After the stunning success of Carmina Burana in 1937 Orff took scissors to his past and insisted that henceforth it should be known as his Op.1. He made only one exception, allowing his own settings of Monteverdi to be performed – the Lamento dell’Arianna and Ballo dell’Ingrate. Orff augmented his orchestra with two basset-horns and three double strung lutes and it’s in this manner that Orff pays some noble homage to the stile espressivo of Monteverdi. The Lament of Ariadne (Lamento dell’Arianna) is a surviving operatic fragment and written for Mantua. It was followed a week later by the Ballo dell’Ingrate, though this was destined for a wedding feast. In this way Orff constructs the laments and Ballo in an arc from despair to light.

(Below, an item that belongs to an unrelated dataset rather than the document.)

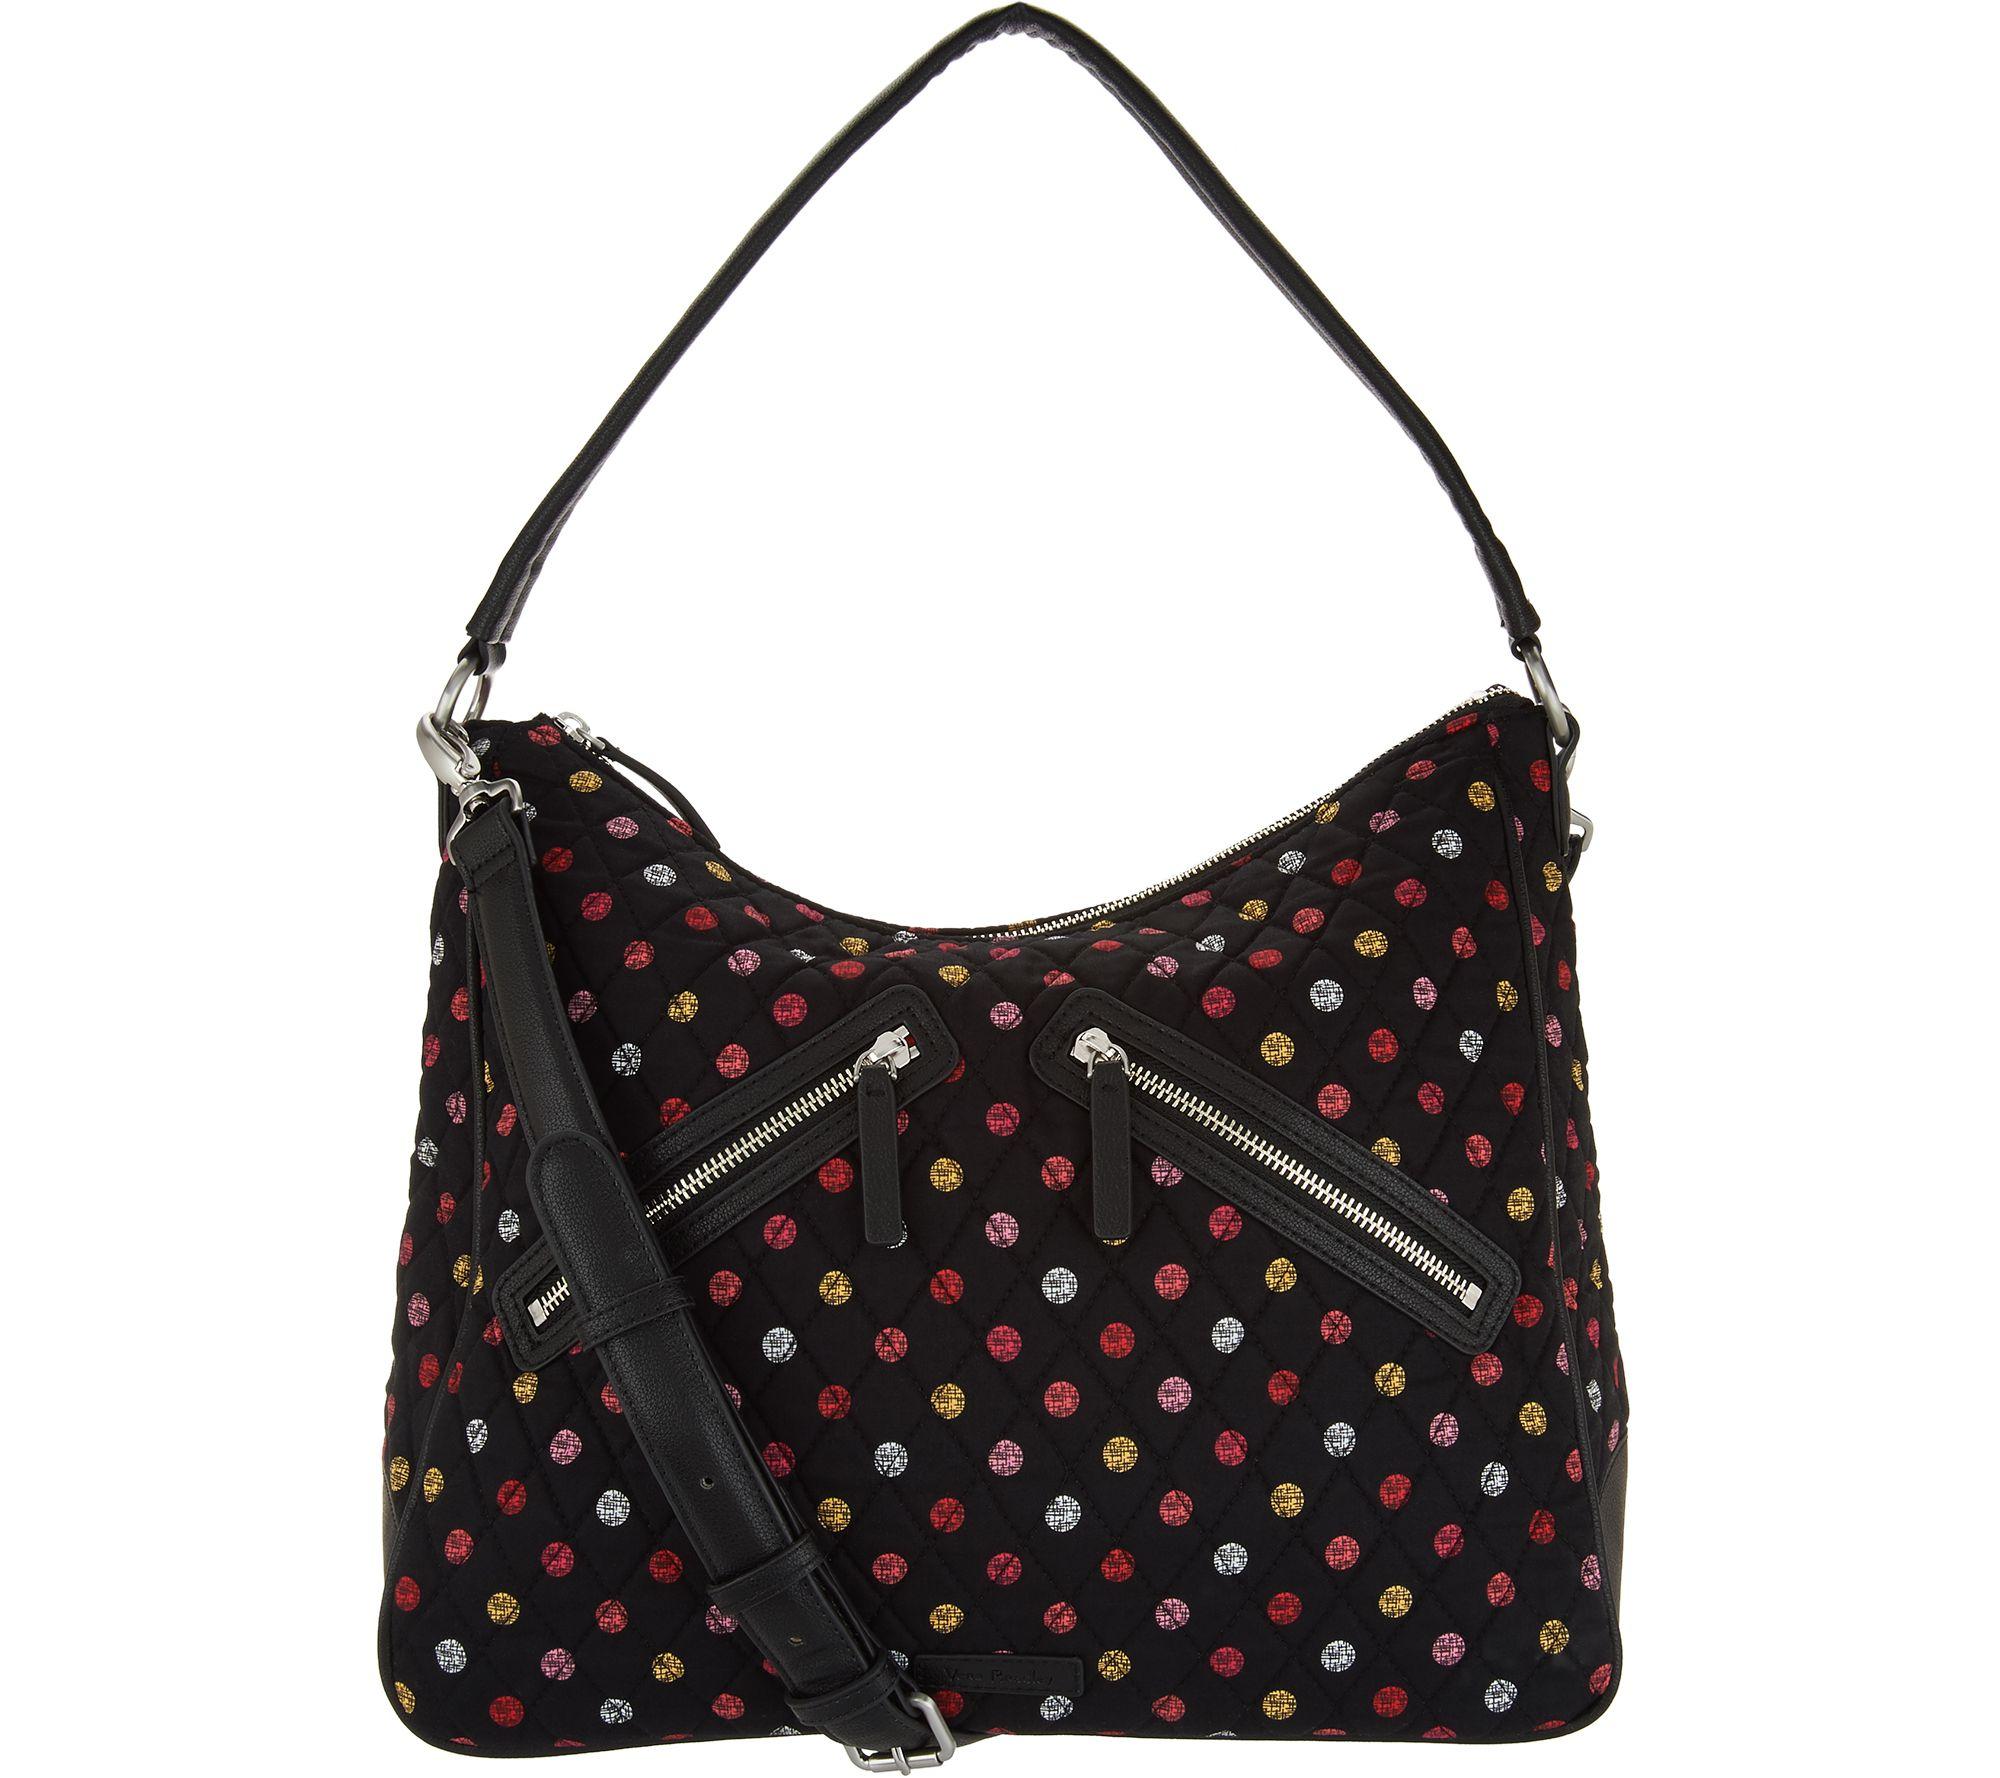 4f83c5c9e0 Vera Bradley Signature Vivian Zip Top Hobo Handbag - Page 1 — QVC.com

These 1974 recordings were conducted by Kurt Eichorn and supervised by Orff in what we can suppose are pretty much definitive performances as to his intentions with regard to the orchestral colour, the vocal stresses and the emotive temperature. The German text of Klage der Ariadne is by Orff himself and the companion work has a free realisation by his colleague at the Munich school of dancing in the 1920s, Dorothée Günther. The apportioning of the roles is well nigh perfect but even amongst the stellar quartet it’s perhaps nowadays the least well remembered, Rose Wagemann, who makes the most moving impression – and not simply because she bears the emotive burden of the Lament of Ariadne on her own. Centred and dramatic hers is a voice that commands immediate admiration. Her voice suits Orff’s frankly romanticised declamation with remarkable precision and she makes a cumulatively moving impression – allied to which the voice is beautiful. The most intense point is Träume, selige Träume where Orff’s bass accents and stark romanticism conjure up the shade of Monteverdi without either pastiche or reinvention.

The auburn hued instrumental string passage in Hört, werte Damen, part of the Tanz der Spröden, breaks up the recitative in a peculiarly impressive way. Ridderbusch sings with gravity, depth and dignity though it’s the passage Wie unerträglich anzusehn, that devoutly entwined arioso, where the bass reveals his strengths in melismatic singing. Later on, in the dance, we hear the pizzicati and harp and lute sonorities that are part of Orff’s rich instrumental tapestry – rich but certainly not glutinous. The chorus has its moment late in the work – the engineers recess its sound deliberately to give an impression of spatial separateness. We also hear the clear, immaculate Lucia Popp as Amor and the spinto mezzo of Hanna Schwarz.

The restoration sounds excellent; it has used that much touted 24 bit – 96 kHz system. Notes are in German, English, French and Italian – the texts are in German only. This forms part of the Orff series on Arts; the timing is short and in the context of the composer’s development it may not seem an essential purchase. But it’s finely done, rewarding – and moving.